A plywood sheet, screwed and glued to the back side of the legs will make that as solid as a rock. The bottom shelf will also help with stability. Adding a 2X4" piece of wood along the back side will make a good back-splash. It will also give you an easy way to bolt the table to the wall. If you think the table will be disassembled in the future for transport, don't glue the top,back plywood, or shelf in place - just use screws.
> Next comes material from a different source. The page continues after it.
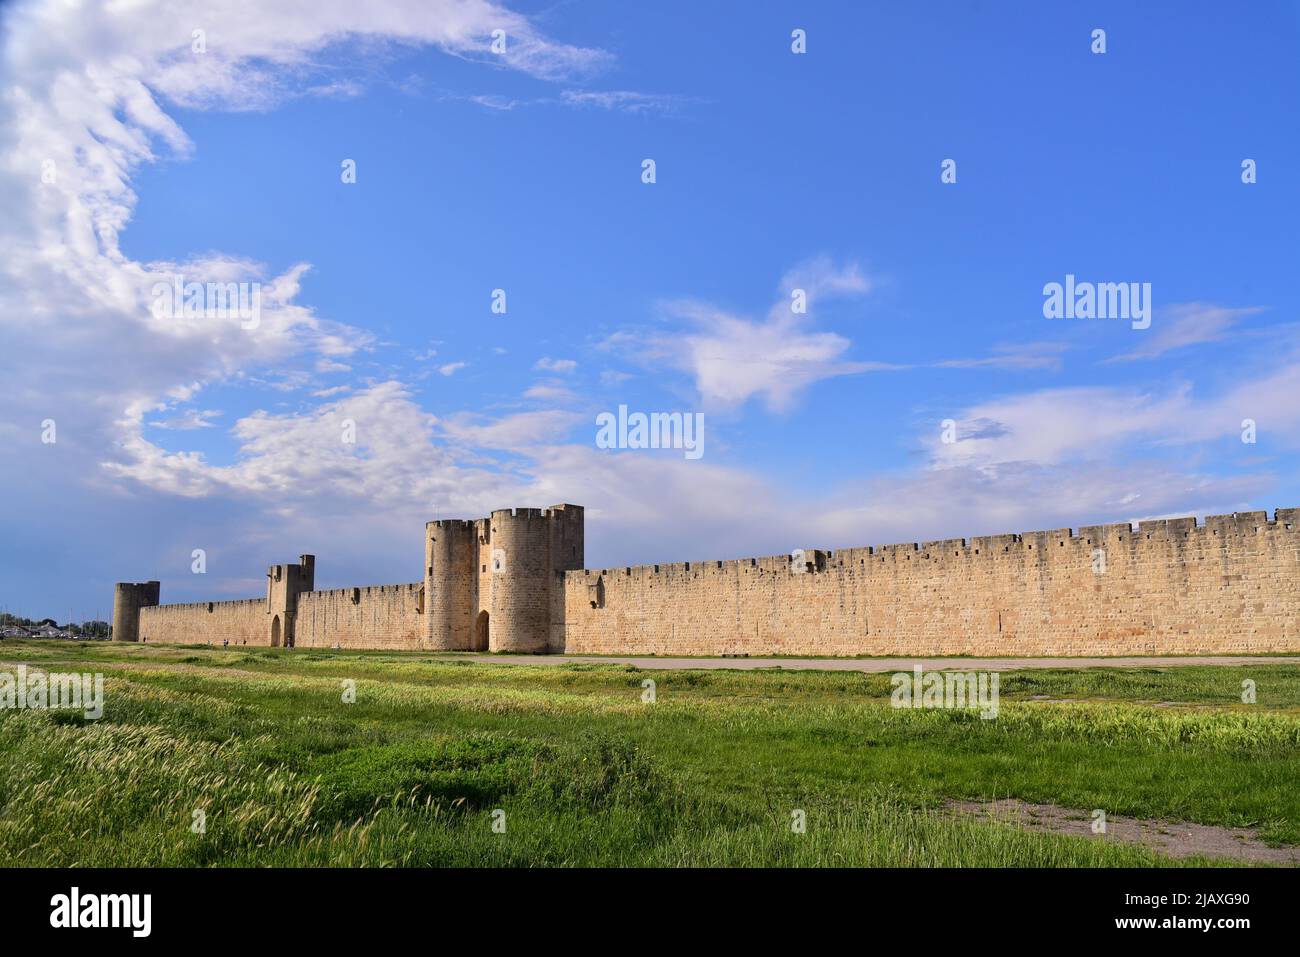 Historic ramparts of the town of Aigues-Mortes in the Camargue, Gard department, Occitania, France, Europe Stock Photo

Adding and edge of hardwood ( oak) to the edges will make the table look and last better, but isn't absolutely necessary. If your dad has a table saw, here is the best way to make the edges really robust. Take a 2X4 piece of wood ( oak would be perfect, but even pine will work). Set the blade at slightly more than the table top thickness, and set the fence 1" from the blade. Cut the length of the board. Now change the the blade height and fence so it will intersect the cut you just made. Cut the board, thus making an "L" shape that fits the top so it forms an edge. If it fits right, clamp and glue it into place. A #10X3" screw placed about every 12" down the edge will also be a good idea, and look good. Once all of these edges are installed, sand or plane the slightly raised lip down to flush with the table top. Run a finishing plane down the edges at a 45° to "break" the sharp edges. The simple addition of such and edge can make a hobby bench into a craftsman's bench. It also makes your bench top look 3.5" thick.
Note: If making a bench with raised lips to keep things from rolling off, mount the "L" so the short leg is on the top side, thus making a 3/4-1" raised lip. Do this along the ends and back side, with a flush edge on the front side. Most craftsman's benches are made this way.